Monday, May 4, 2009

I (Finally) Figured Out Why I Want Tenure

Today was a big day. This morning’s paper ran a story containing quotes from me and from this blog that many of my colleagues will likely view as uncouth. Others will misinterpret it as desire for publicity and name recognition. These folks just don't know me like my family, and particularly my Poppa, does.

To my mind, I had little choice but to do what I did. My University is moving in an untenable direction, one that makes middle-class folks feel good, while at the same time trampling the long-term opportunities of the voiceless. I'm not alone- my family members have a long history of doing exactly this. I went on the record as opposed to a policy that is strongly supported not only by my administrators and supervisors, but also by most of the faculty around me. I wish I could say I felt brave and confident as hung up the phone with the reporter. I didn’t-- in fact, I ran to the bathroom and lost my lunch.

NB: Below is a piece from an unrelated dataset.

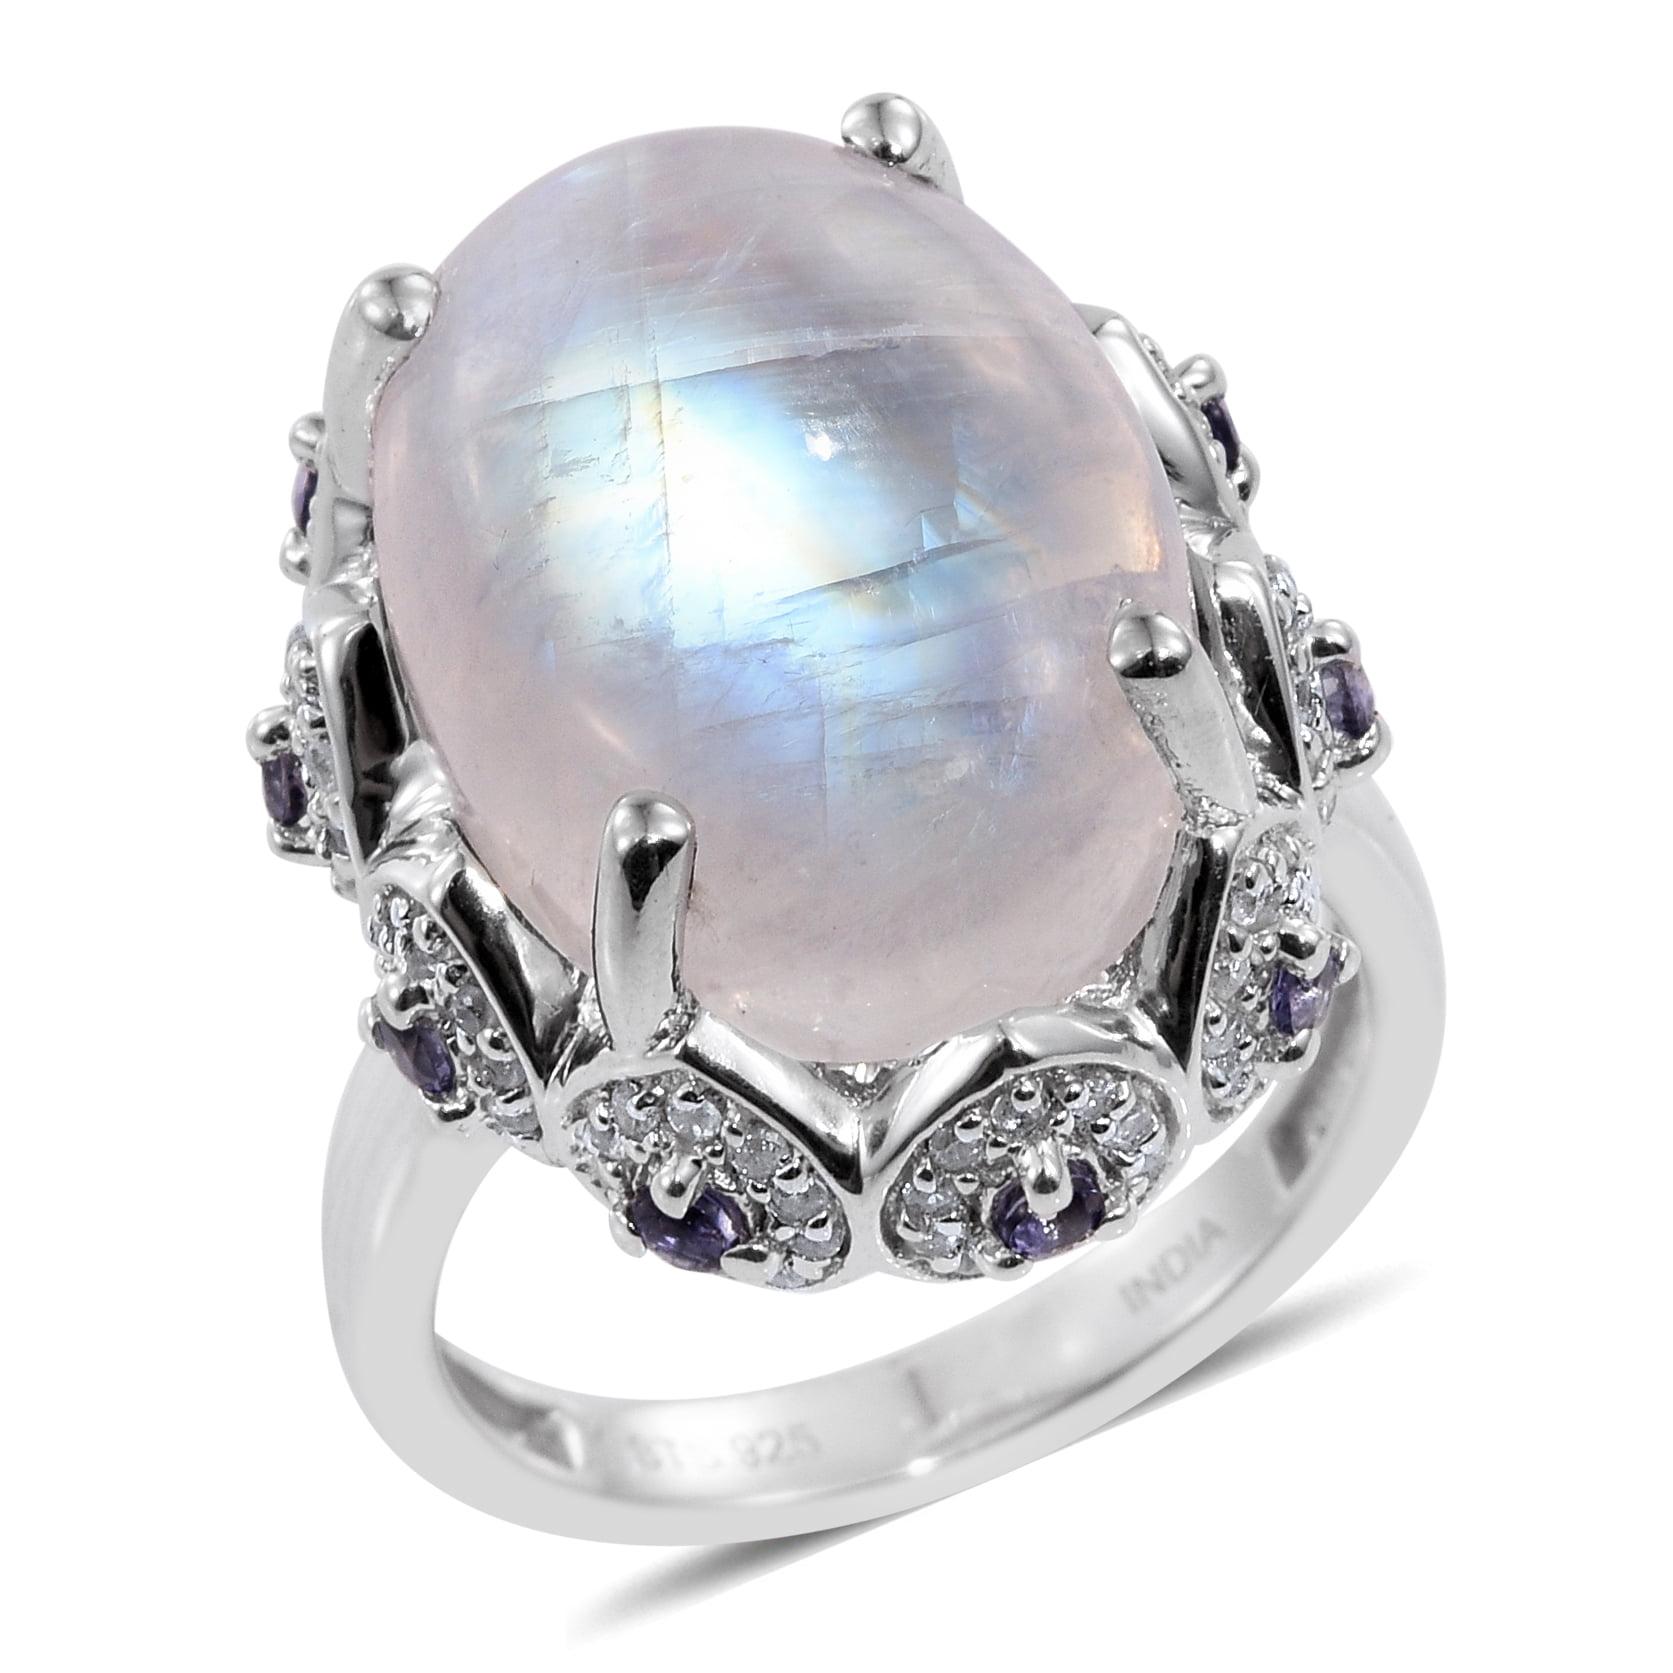 925 Sterling Silver Rectangle Cut Rainbow Moonstone Women Wedding Ring Jewelry

Over the course of the past many months, I’ve received a lot of advice about the Madison Initiative. Advisers have patiently explained to me that the policy is going forward with or without me, and that my time and energy spent fighting will be wasted. I’d be better off simply recommending a few minor alterations and falling in line; at the bare minimum this would help to ensure I could devote my energies to peer-reviewed publications and the kinds of thing academia typically rewards. A fight like this one, I was told, was something I had to earn the right to participate in—something I needed tenure for.

This is all undoubtedly true. The numbers of hours I’ve spent agonizing over the Initiative, pouring over its details, listening to the administration, reading what students have to say, reviewing relevant research on the topic again and again—it’s taken plenty of time and left room for very little sleep. If I were more prudent, that time could have been spent on my many R&Rs, helping put the icing on my tenure case.

Except until now, I really wasn’t sure what tenure was good for. I never set out to be a professor—I just wanted to question conventional wisdom and address it with the best available social science evidence. I'd do it in whatever setting allowed it. I never worried about unemployment; heck at times I find myself with 3 or even 4 jobs at a time. I am insanely fortunate, I know it, and so I thought how could I expect more? Tenure, I began to think, could be phased out in favor of more competitive salaries.

But today, I get it. At the end of my 5th year as an assistant professor, I just spoke out in a manner that could hurt my job prospects, possibly my research agenda, and who knows what else. I’m not saying anyone will directly throw the hammer at me- not at all. But people will be pissed, and they’ll find ways to make my life difficult. I recognize that.

So why bother? Why not wait until I had tenure- and true academic freedom? Because I’m not a professor just anywhere—this is Madison. Madison, for pete’s sake—the place where every academic in the country believes anyone can and does speak their mind, and is praised for it. I am deeply proud of this University’s tradition, and I want it upheld.

And in this case, the truth simply couldn’t wait. In my reading, the research here is unequivocal. I’ve got mountains of evidence that truly open discussions were not occurring, and could not under institutional constraints. I spend my days with students who have struggled to gain access to UW-Madison, and also with many of those who’d hope to attend but for major financial barriers. Yes, this policy increases financial aid—and that is a wonderful thing. But there were other routes to achieve the same end, and much better policy designs that were never considered or outright rejected. And so it was time to stand up for my students—and even more importantly for the Wisconsin high school graduates from poor families who will never find their way here. My own personal interests (e.g. salary, community of faculty, even tenure) be damned.

I have a two-year-old. When I leave the house every day I think about why I’m bothering. Today, the world knows why. And honestly, I’m both proud—and scared.